Langchain 的 LLM 代理简介：当 RAG 有局限性怎么办

发布日期：2024-04-10 21:19:29 浏览次数： 4122

作者：DeepPrompting

微信搜一搜，关注“DeepPrompting”

Agents介绍

让我们通过探索 LLM 代理的各种示例。虽然这个话题被广泛讨论，但很少有人积极使用代理;通常，我们所认为的代理只是大型语言模型。让我们考虑这样一个简单的任务，例如搜索足球比赛结果并将其保存为 CSV 文件。我们可以比较几种可用的工具：

带有搜索和插件的 GPT-4：正如您将在此处的聊天记录中发现的那样，由于代码错误，GPT-4 无法完成任务
AutoGPT 至少可以通过 https://evo.ninja/ 生成某种 CSV（虽然并不理想）：

AgentGPT 通过 https://agentgpt.reworkd.ai/：决定将此任务视为合成数据生成器，这不是我们要求的，请在此处查看聊天记录

由于可用的工具不是很好，让我们从如何从头开始构建代理的首要原则中学习。

第 1 步：规划

您可能遇到过各种旨在提高大型语言模型性能的技术，例如提供提示，甚至开玩笑地威胁他们。一种流行的技术被称为“思维链”，要求模型逐步思考，从而实现自我纠正。这种方法已经演变成更高级的版本，如“具有自洽性的思想链”和广义的“思想树”，其中创建、重新评估和整合多个想法以提供输出。

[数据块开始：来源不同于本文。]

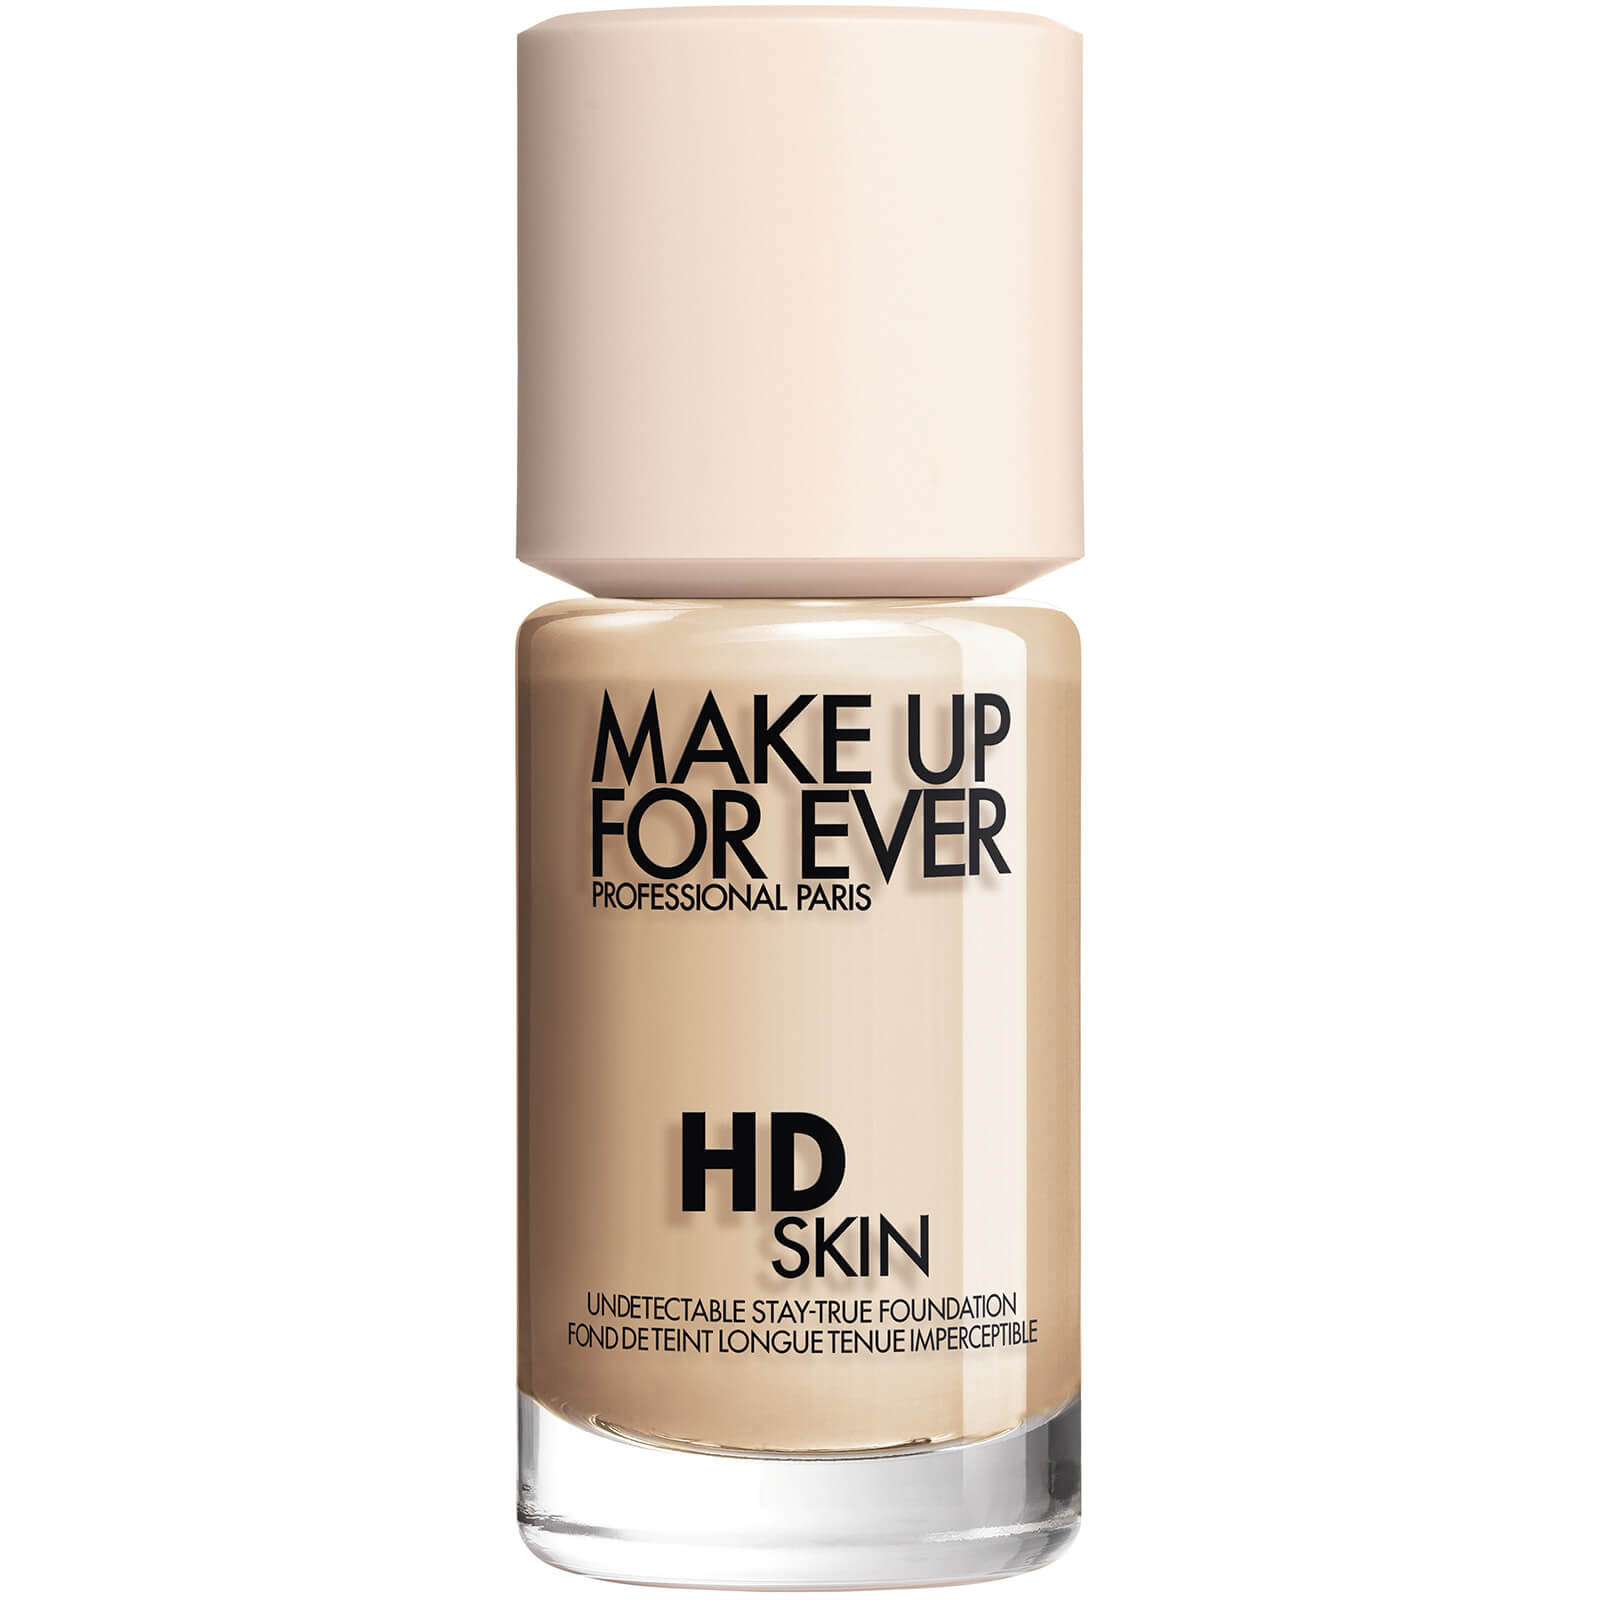 Make Up For Ever HD Skin Foundation 30ml (Various Shades) - 1N10 Ivory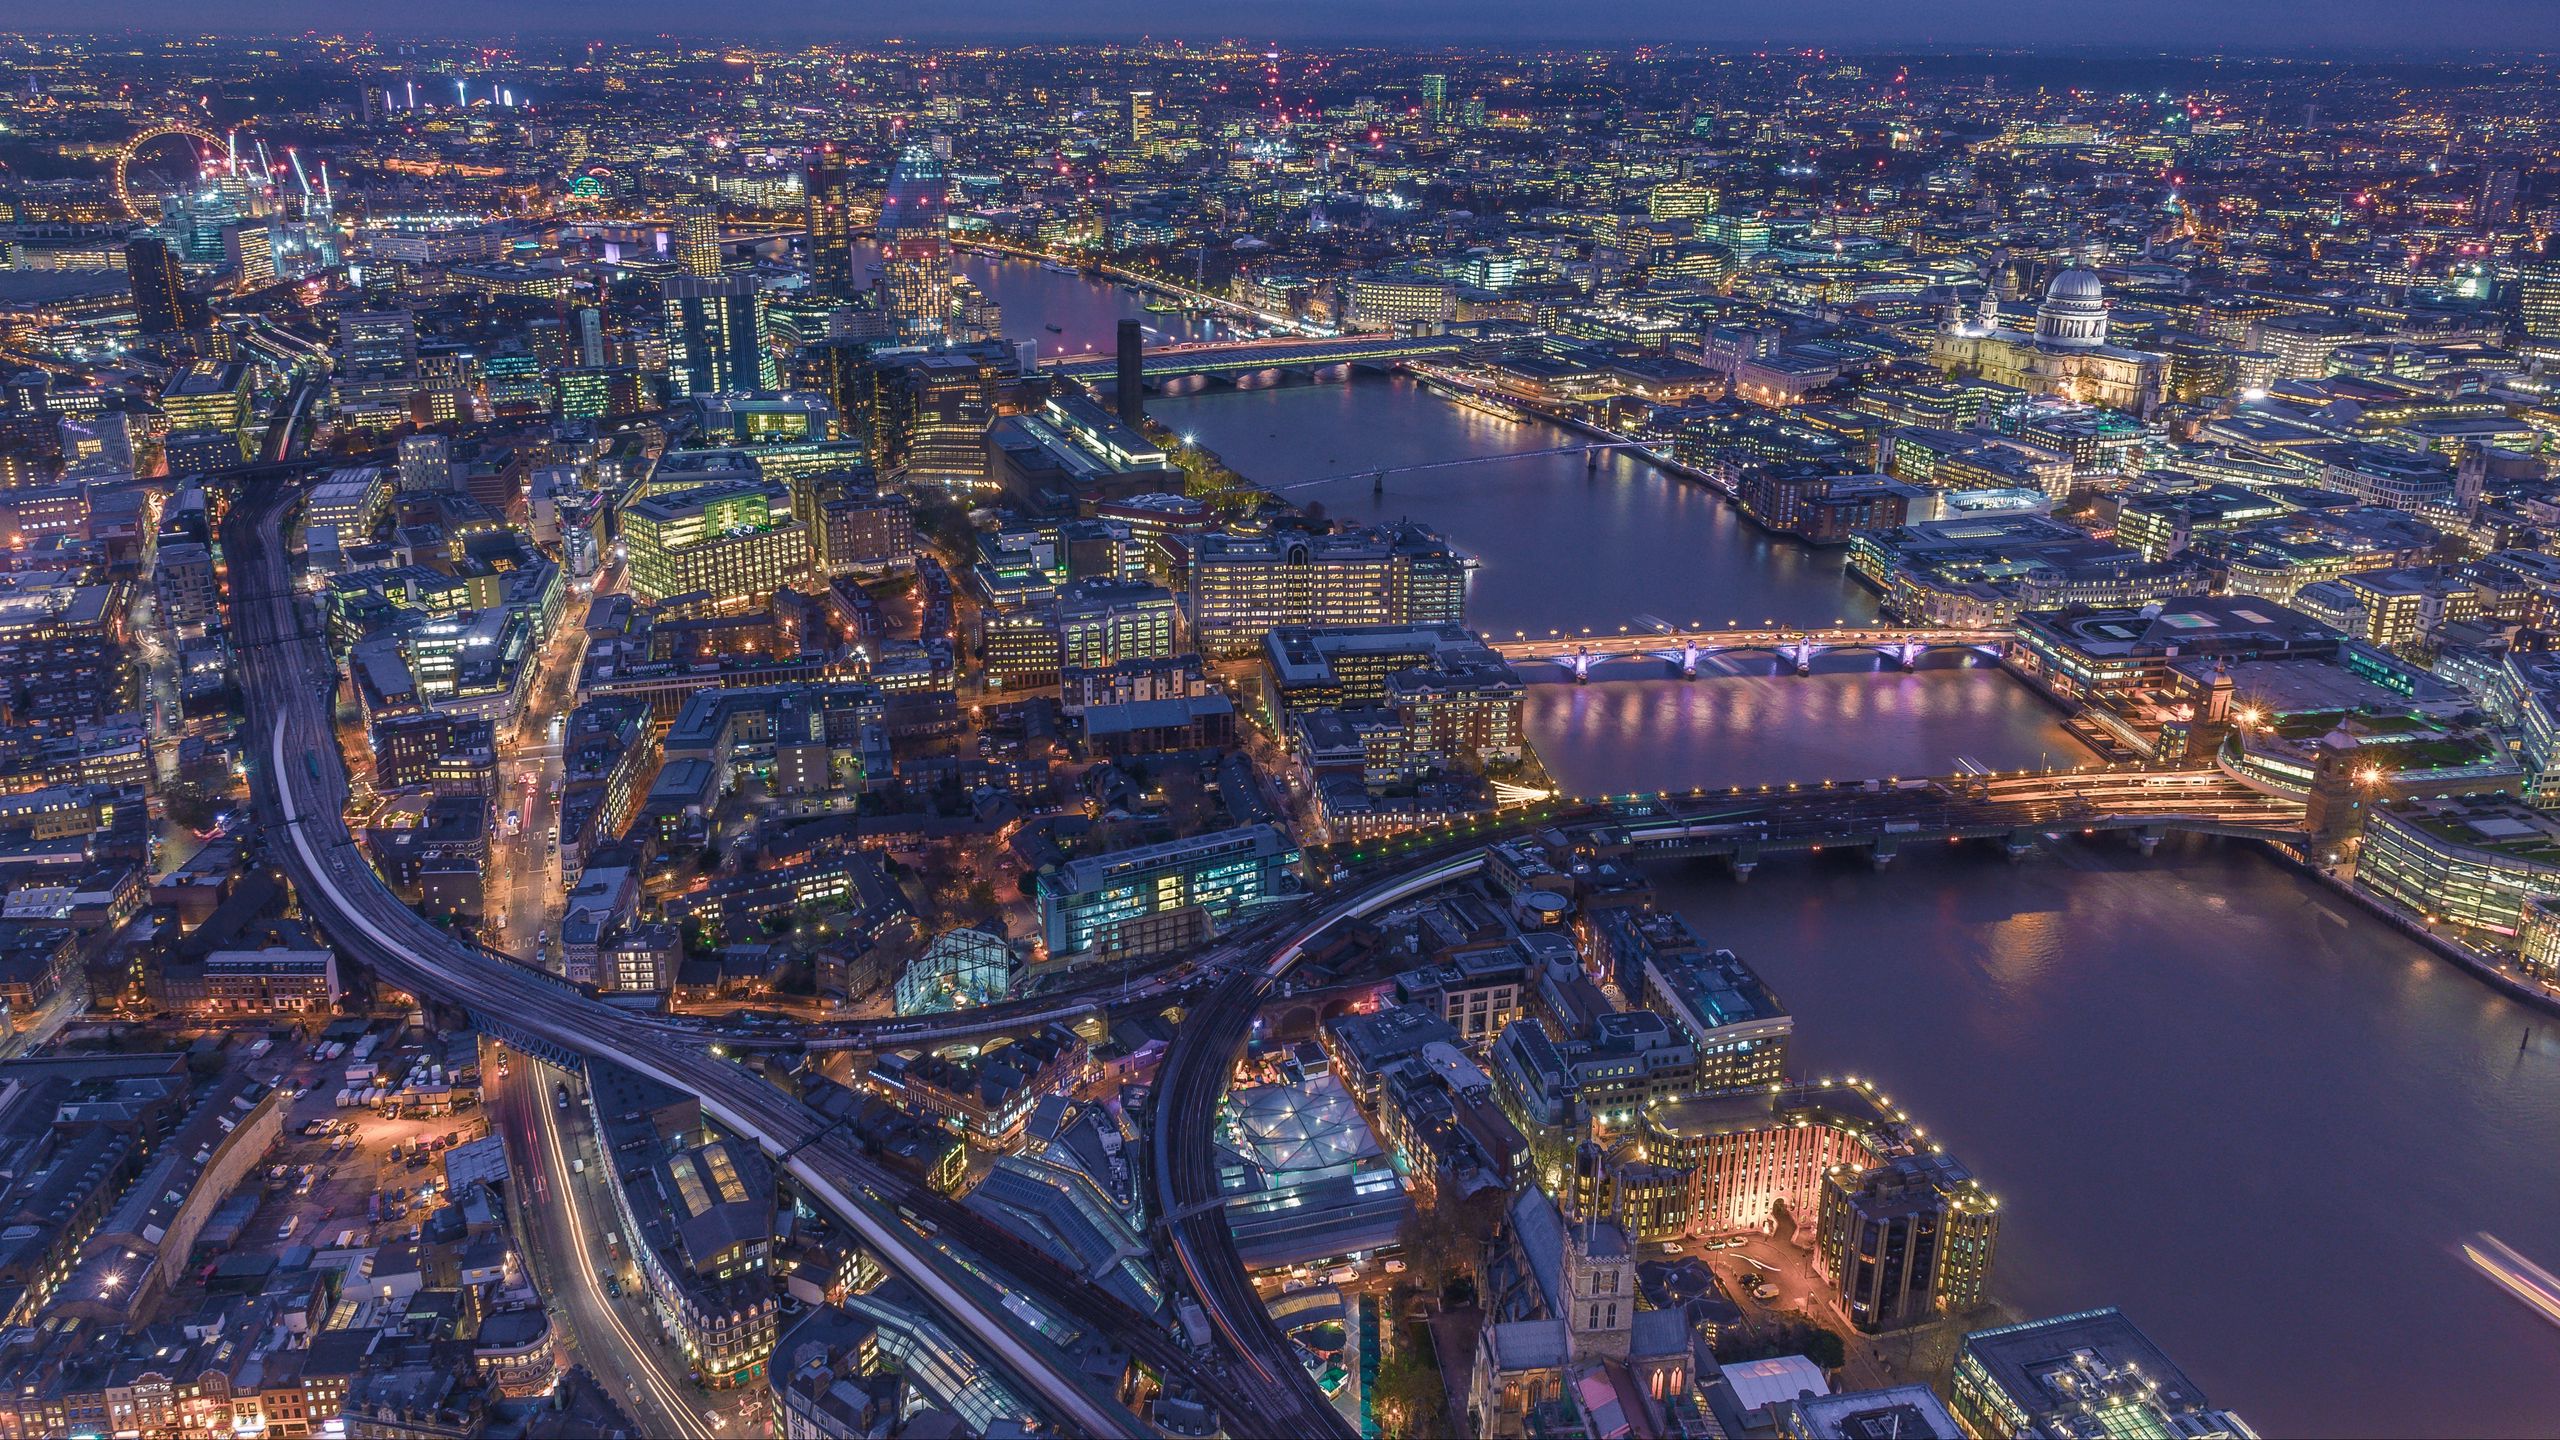 Download wallpaper 2560x1440 london, united kingdom, night city, top view  widescreen 16:9 hd background

在本教程中，我使用了大量 Langsmith，这是一个用于生产 LLM 应用程序的平台。例如，在构建思想树提示时，我将子提示保存在提示存储库中并加载它们：

from langchain import hub
from langchain.chains import SequentialChain

cot_step1 = hub.pull("rachnogstyle/nlw_jan24_cot_step1")
cot_step2 = hub.pull("rachnogstyle/nlw_jan24_cot_step2")
cot_step3 = hub.pull("rachnogstyle/nlw_jan24_cot_step3")
cot_step4 = hub.pull("rachnogstyle/nlw_jan24_cot_step4")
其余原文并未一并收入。